Core Idea: Active vs. Passive Benchmarking

• Passive Benchmarking
  • Approach: “Run and forget.” Accepts favorable results and ignores unfavorable or abnormal ones.
  • Consequence: Leads to incomplete, misleading, or false conclusions. May overstate performance gains (e.g., quoting a one-off 30% speedup as typical).
• Active Benchmarking
  • Approach: Investigative and verification-oriented. Probes the underlying causes behind performance changes.
  • Method: Ensures result reliability through multidimensional validation.
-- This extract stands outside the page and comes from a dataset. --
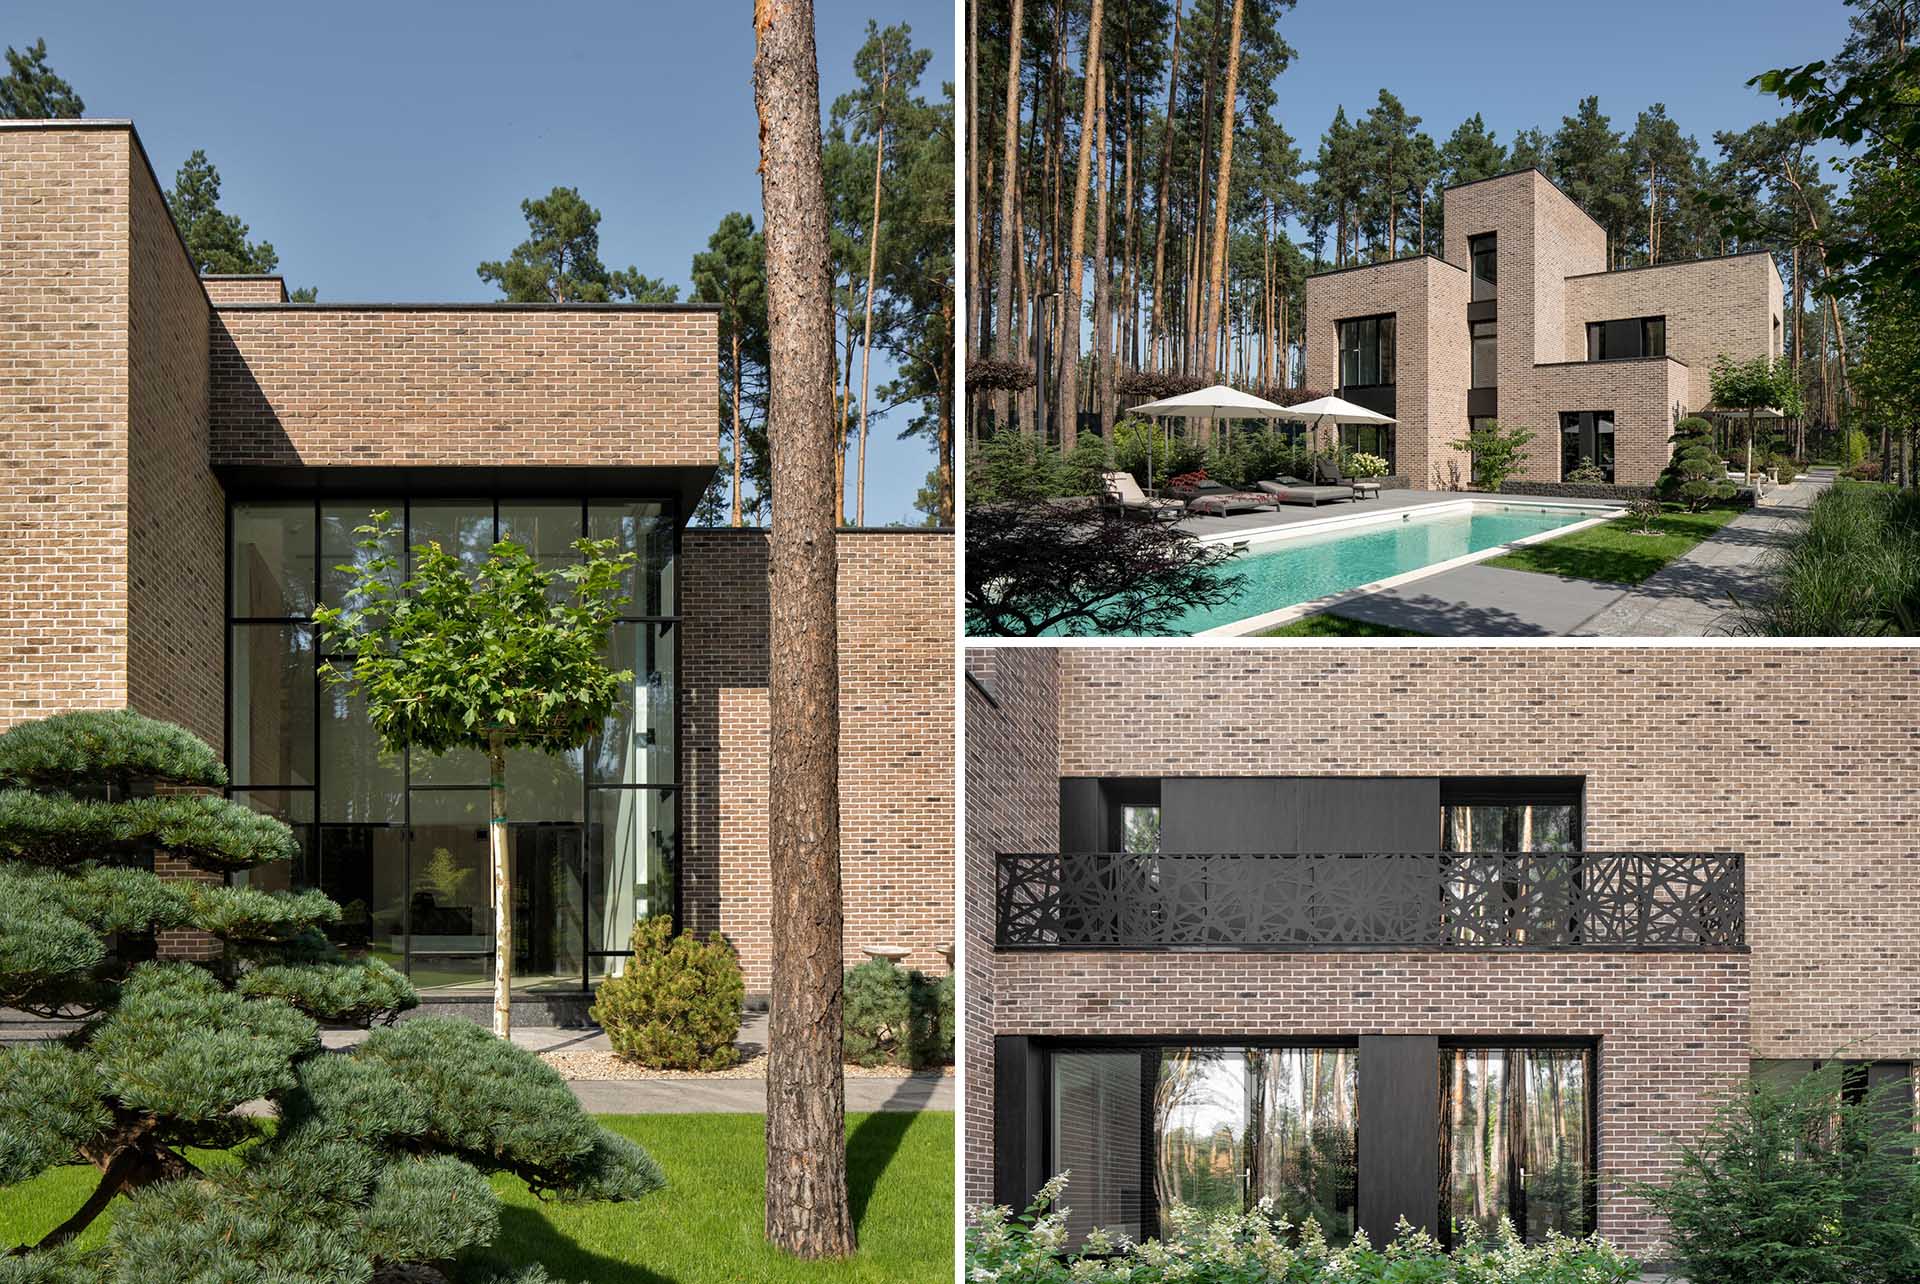 Surrounded by forest, the 'BST House', which also has a guest house, features a facade of hand-formed brick.

Active Benchmarking Practices

Active benchmarking requires working like a detective. Core practices include:

• Environmental consistency: Ensure identical hardware configurations (CPU, RAM) to avoid distortions.
• Repetition and validation: Run tests for longer periods and remove outliers.
• Deep analysis: “Always measure one layer deeper.” Inspect machine code differences, hardware events (instructions, cache misses, page faults, context switches).
• Technical attribution: Seek the technical root cause of observed results.
• Skeptical mindset: Treat surprisingly good results with suspicion — as John Ousterhout said, “All performance results are guilty until proven innocent.”
• Reliability over convenience: Active benchmarking demands more effort but yields trustworthy conclusions.
• Comprehensive reporting: Present well-explained results, not just percentage improvements.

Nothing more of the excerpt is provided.